There is only one problem.. I am unable to select the prescale tools in the latest versions.. They are disabled all the time.. What is wrong??

----------


## NeonKnight

Not sure. What version are running? I was using it last night and had no issues.

----------


## vooood

Found it. I forgot to turn on the "Allow Prescale Offset Editing" option in world settings :S

----------


## Audman

Can anyone help me make a Icosahedral Projection for Fractal Terrains Pro?  Lest you think I have any idea what I am doing, I only know "Icosahedral" since its in the export options.  However, I would like to save my FT PRO work to CC2, since icosahedral projections work so well with hexes.

----------


## waldronate

In FT Pro, use File>>Export World>>Cosmographer Template to get a CC2 file with the data in an icosahedral projection and an image to go in the background. There is currently a bug in most recent version of FT that's preventing the automatic linking of the bitmap to the CC2 file so you'll need to do that by hand, unfortunately.

----------


## Greason Wolfe

Maybe it's just me, but as I read through that tutorial, there was a part that called for Tools>>Actions>>Incise Flow.  I'm using FT Pro Version 2.2 and I'm not seeing that tool anywhere.  Is there a newer version that I don't have?

GW

----------


## Roger Calver

The latest version is 2.3.

----------


## howard

> In FT Pro, use File>>Export World>>Cosmographer Template to get a CC2 file with the data in an icosahedral projection and an image to go in the background. There is currently a bug in most recent version of FT that's preventing the automatic linking of the bitmap to the CC2 file so you'll need to do that by hand, unfortunately.

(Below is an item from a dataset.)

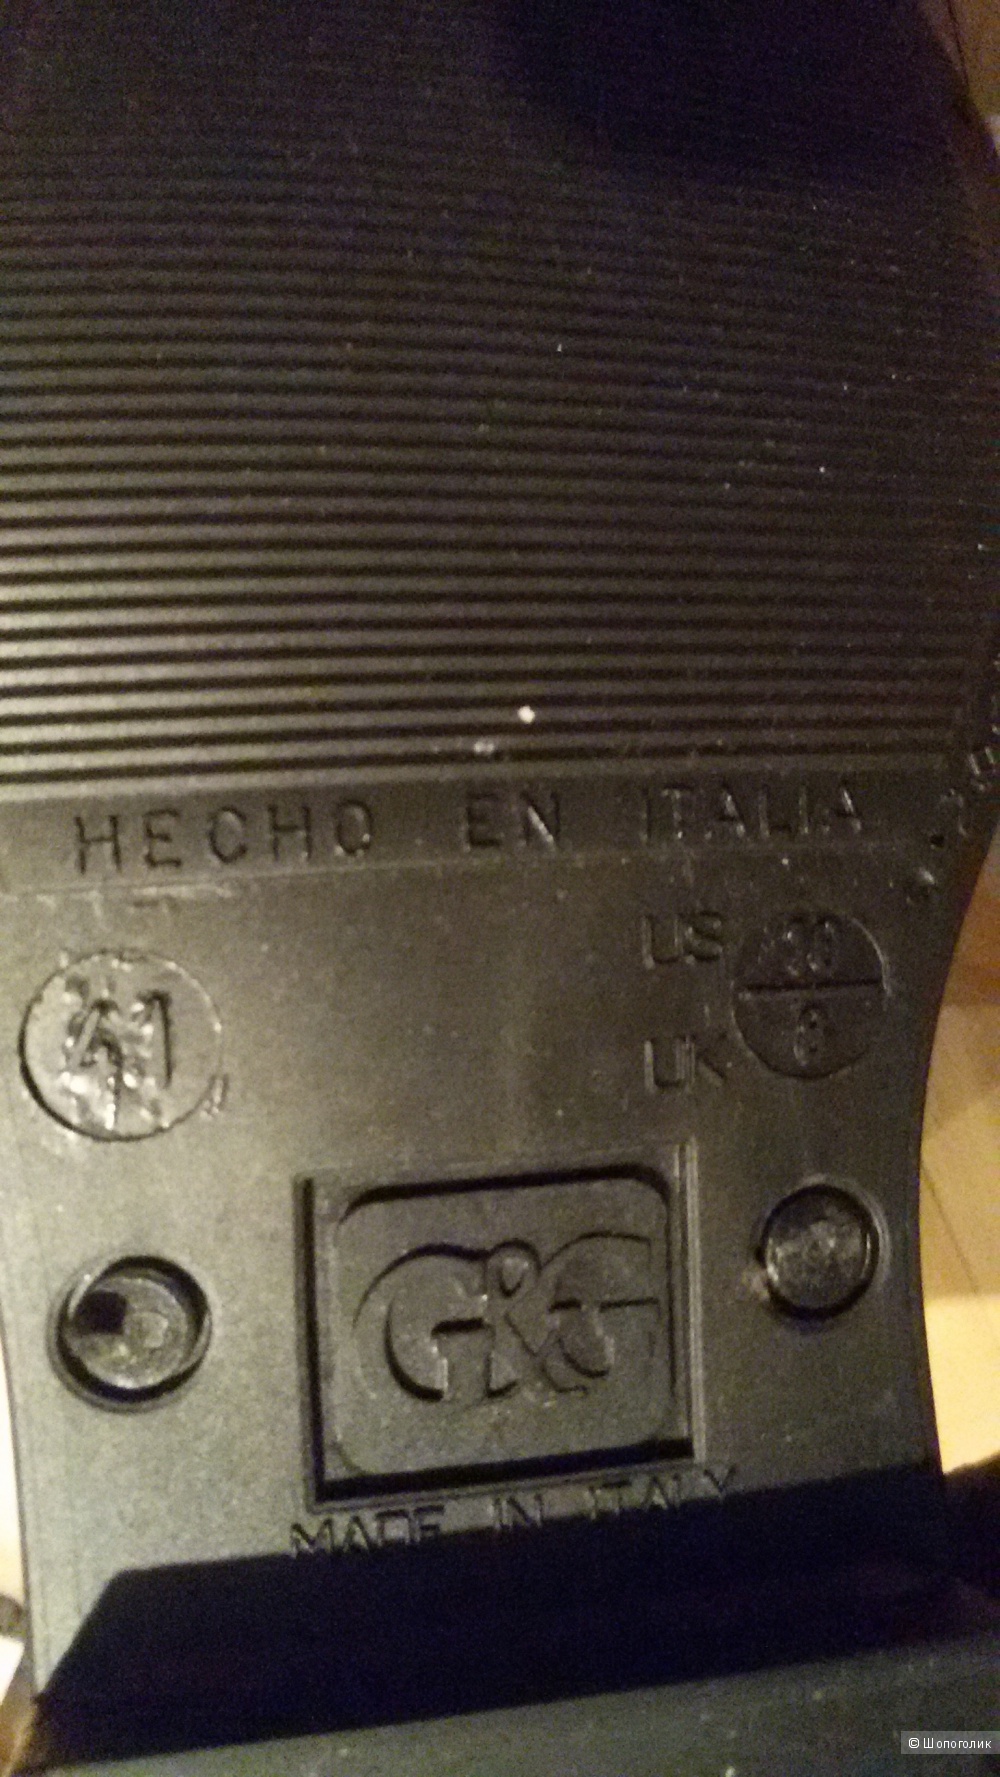 Сапоги резиновые «HECHO” G&G by Italy, 41 (на 40) размер.

I think I've just found that bug -- whenever I try to export, all I get is an odd X-shaped red blotch on my Cosmographer template. Can anyone tell me how to link by hand, as suggested above? I haven't the foggiest.

thanks,
Howard

----------


## Feralspirit

Hello. I'm new to the community, and hope I'm not speaking out of turn. I've been using the Demo for Fractal Terrains, to see if that was the software I wanted to invest in, my results have been exciting, as I was breaking new ground, but disappointing as well, there isn't the freedom that paper offers. I was very pleased to find the tutorial, your results look fabulous. So, I'm walking through it and discover I don't have the Incise Flow function. Reading through the thread I find I'm not alone and go on. I was heartbroken to find Show Image Climate does not show up on my Show Other Shader options. So, I will not be able to duplicate your results with the demo version I am using. Let me just throw this out there, is this software worth buying? What is the general consensus of the community for favored software? Obviously anyone reading this thread might respond with a little bias, I'm just looking for a little direction (ha, ha). Anybody have an opinion?

----------


## Steel General

First off...Welcome Aboard! Be sure to open a thread in the introduction forum.

I can't answer your question(s) on Fractal Mapper as I do not use it - I'm sure someone who does will be along shortly.

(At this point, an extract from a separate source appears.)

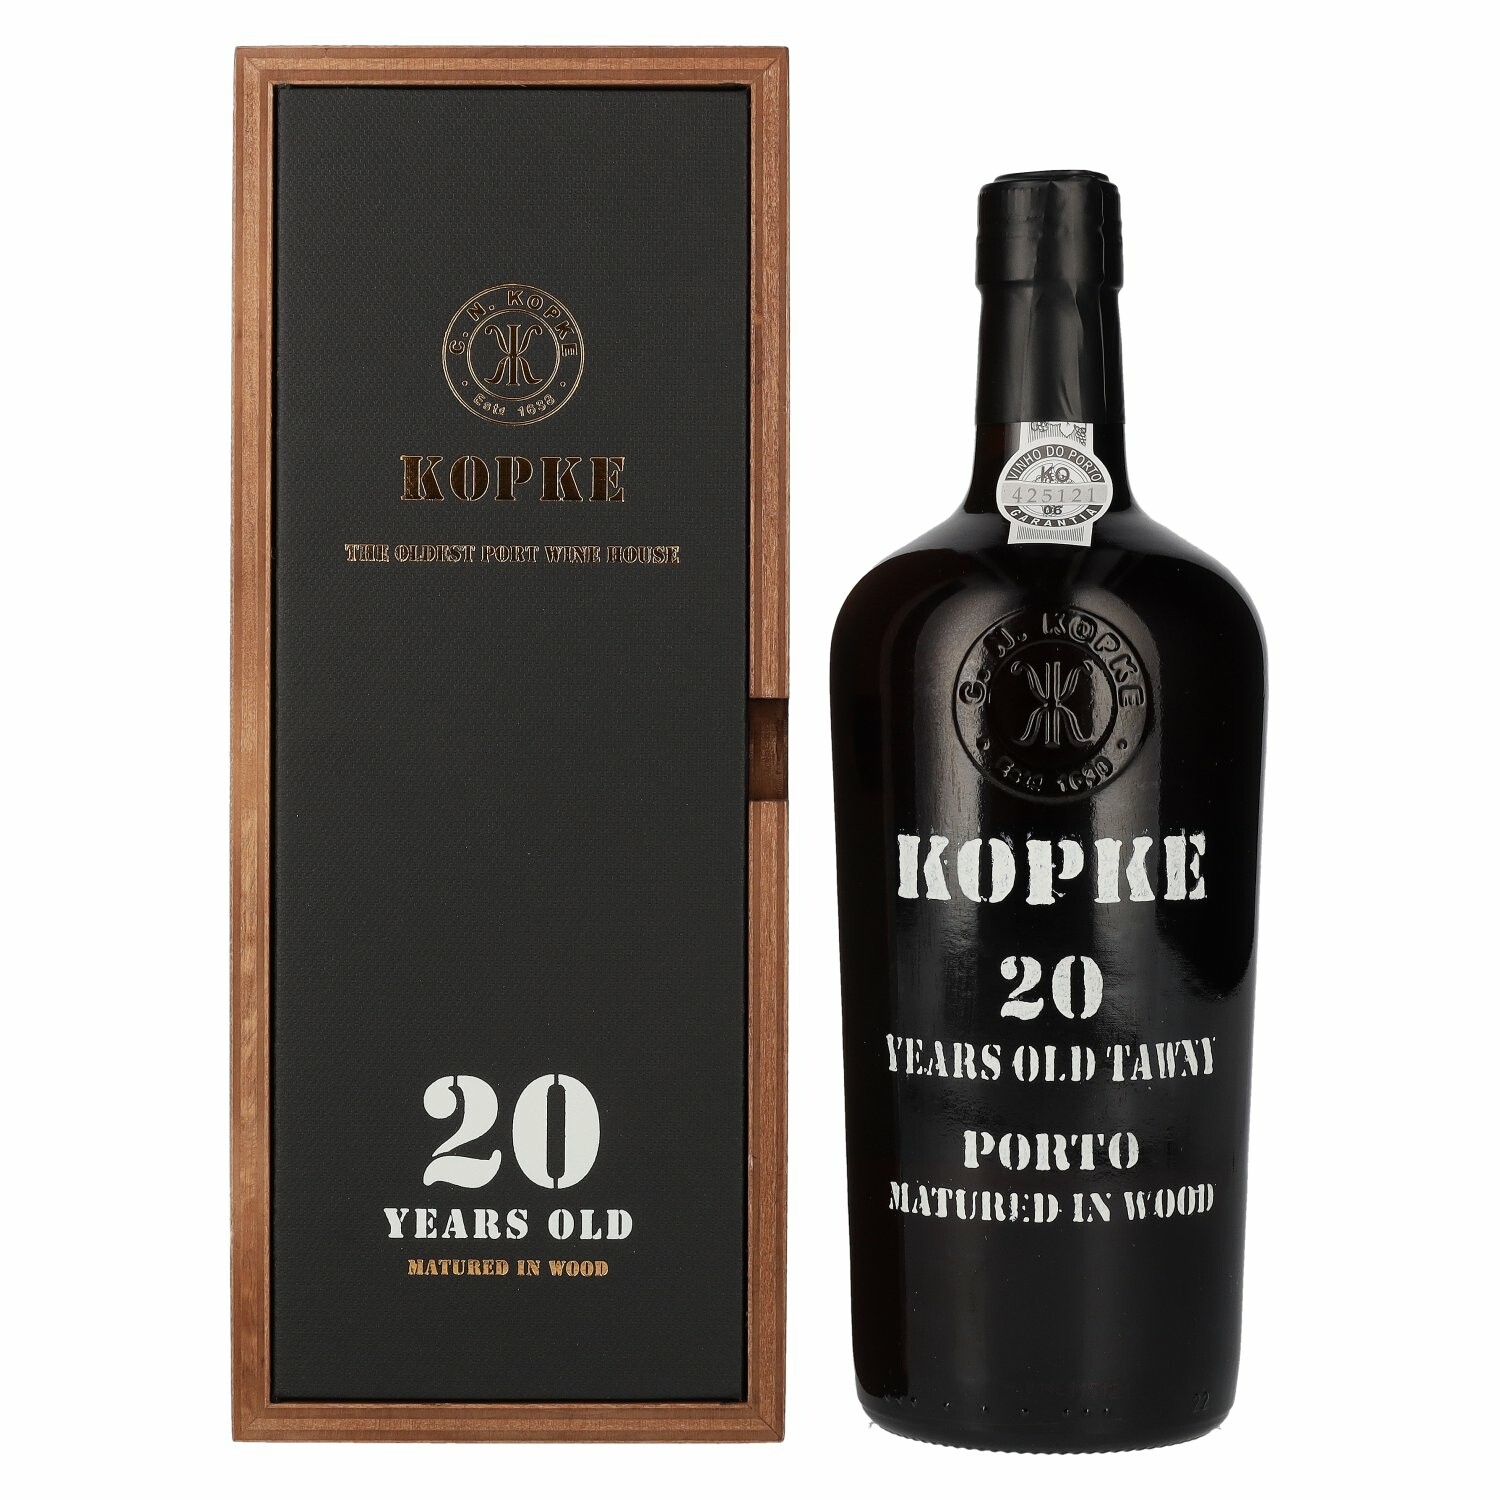 Kopke 20 Years Old TAWNY Porto 20% Vol. 0,75l in Holzkiste

As for favored software, well that's a matter of preference, availability, $$$, etc. I started out using GIMP (can't beat the price - FREE!), then I later moved to Photoshop when I was fortunate enough to get a copy very cheaply - so that is my current preference. But if you're just starting out and don't have much money to spare then I would recommend GIMP.

P.S. Very cool avatar

----------


## Thorf

Hello,

Thanks for linking to this tutorial!  I just bought Fractal Terrains Pro today, and I'm still wrestling with it now.  I've had bad experiences with Pro Fantasy software in the past, but I'm beginning to think that it's the documentation rather than the programs that I dislike; it seems like the program is very powerful, but the manual just doesn't explain properly how to use it.   :Crying or Very sad: 

That said, the reason I'm posting here is that I'm following along with the tutorial (which seems much better written than the manual was) but I'm having a problem using the Prescale Offset tools.  Basically, I can't get them to have any effect on the map at all.  I've tried putting the Value up and down, but they just won't raise or lower the land.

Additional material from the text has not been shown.